I simply can’t imagine living the rest of my life with him; he is arrogant, overbearing and domineering. He can be exceedingly cruel in the things he says and callous in the way he acts towards me. He can be verbally abusive and it cuts like a knife. Except that I love him and I wish I could find some way to get through to him. We are not talking now again because of financial pressure and even though I realize the state that we’re in it’s hard not to take personally when he attacks me. He tells me my feelings of stress, anxiety of insecurity are wrong. He doesn’t try to understand them. He just shuts me down as soon as possible. HIS feelings of stress, anxiety and insecurity and the way he deals with them are fine though. Perfectly normal. And if he hurts me in the process, so what? 

I feel as though I am the one making all the changes and it still isn’t enough for him. I don’t know what to do and I don’t know who to talk to. Please help me.


----------



## naojkat (Dec 1, 2009)

sad... but i believe that Love can move mountains, If you both love each other, you can overcome this situation. Love can erase the anguish that you both feel. Both of you should make a move.. Godspeed and Good luck!


----------



## Feelingalone (Apr 22, 2009)

What Now? What changes have you made. I know it sucks to be the one to "change" but that is how you change other people by changing yourself first. You need to analyze your relationship is set up. The two of you have cycles that you get into. You try to talk to him, he shuts down, etc. How do you try - tone, volume, etc? What time of day? What days? I know some of this sounds chessy but it can matter. Try to get a copy of Divorce Remedy by Michelle _____ and The Five Love Languages by Gary Chapman, and maybe Love Must Be Tough by Lou Dobson.

After determining what the cycles are you have to try to break them on your end. Remember to really step back and look at the situation and see what is working or what is not working. Anything not working stop - it is an endless cheese tunnel (you'll understand that if you get Divorce Remedy)

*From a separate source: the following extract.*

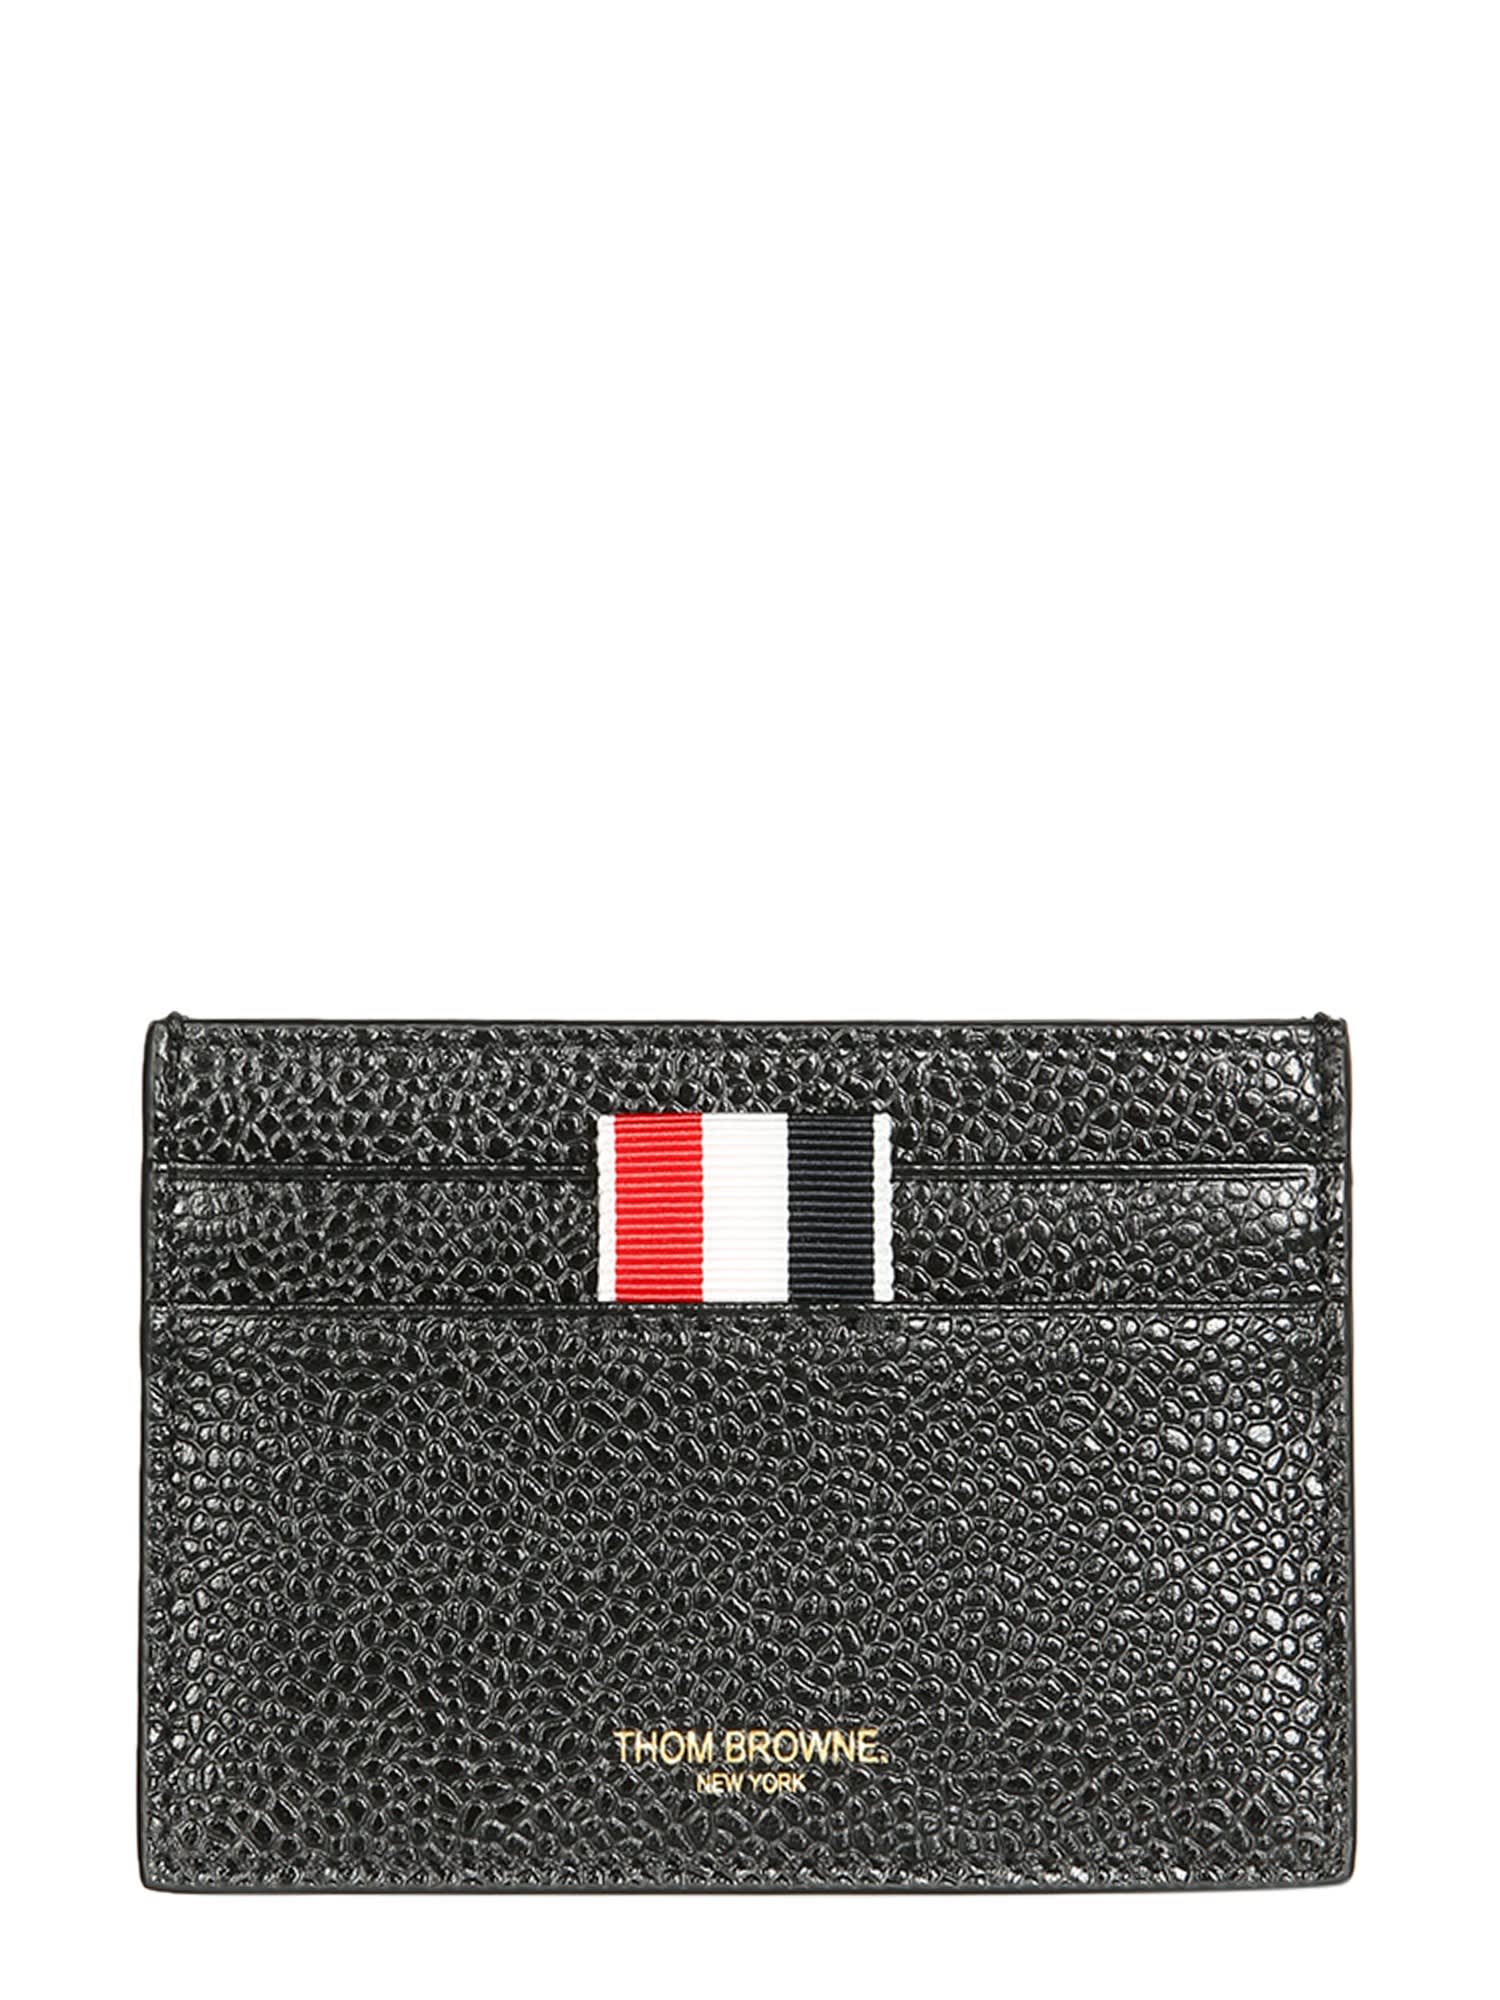 THOM BROWNE CARD HOLDER WITH LOGO,11887724

Just my two cents. Buckle up, this will take some time.


----------



## sisters359 (Apr 9, 2009)

Why don't you print out your message and give it to him? If you cannot see being with him for the rest of your life, you have nothing to lose. Get him on board and into counseling. Or if he refuses to engage in improving things, then you need to decide what you are willing to do. Make that decision before you see his reaction, however, so you are prepared. Good luck.


----------